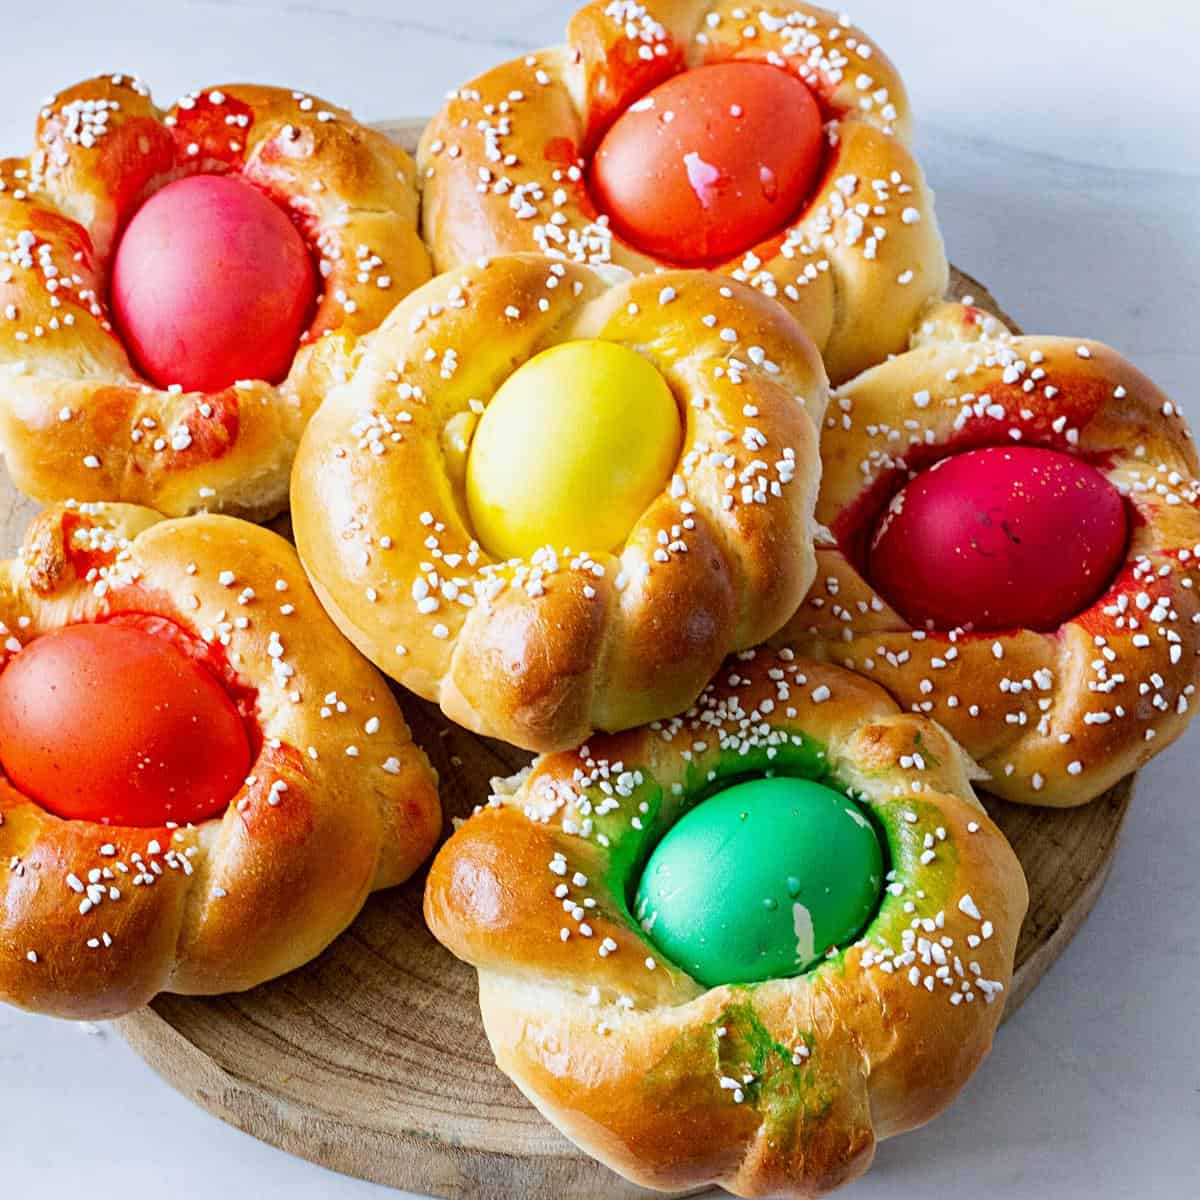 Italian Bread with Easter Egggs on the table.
========================
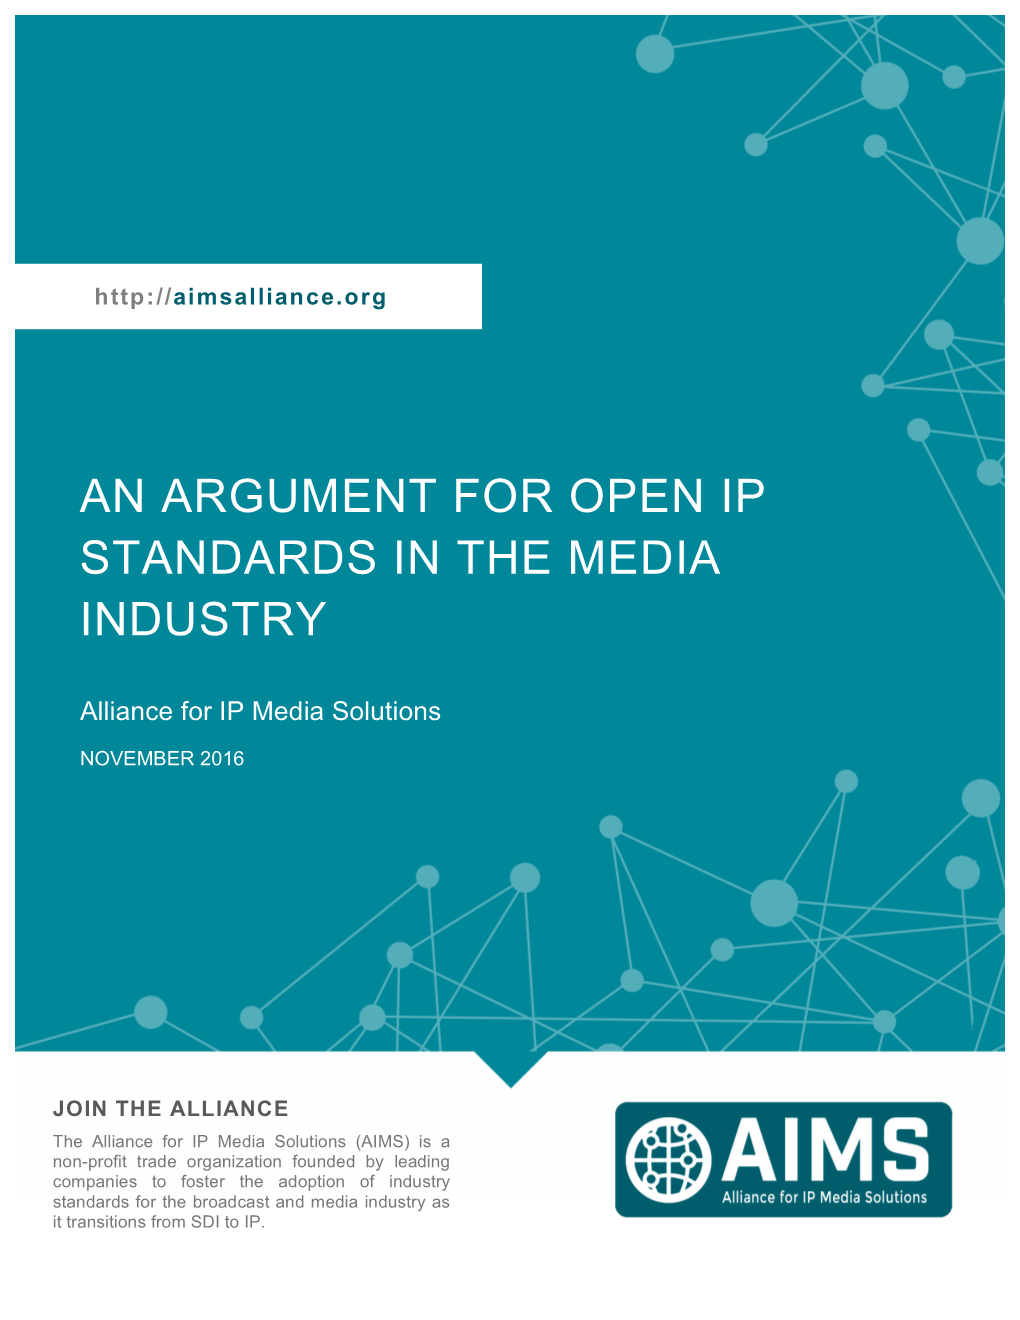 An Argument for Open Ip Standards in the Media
========================
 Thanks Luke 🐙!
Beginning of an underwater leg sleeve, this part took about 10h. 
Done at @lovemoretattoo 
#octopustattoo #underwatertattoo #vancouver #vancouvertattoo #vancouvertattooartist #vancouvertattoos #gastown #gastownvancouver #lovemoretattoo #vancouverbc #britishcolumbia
========================
▸ Task prompt:
The required output is every line above from the one with "Done at @lovemoretattoo" down to the one with "#octopustattoo #underwatertattoo #vancouver", restated word for word, ends included.

▸ Solved problem:
Done at @lovemoretattoo 
#octopustattoo #underwatertattoo #vancouver #vancouvertattoo #vancouvertattooartist #vancouvertattoos #gastown #gastownvancouver #lovemoretattoo #vancouverbc #britishcolumbia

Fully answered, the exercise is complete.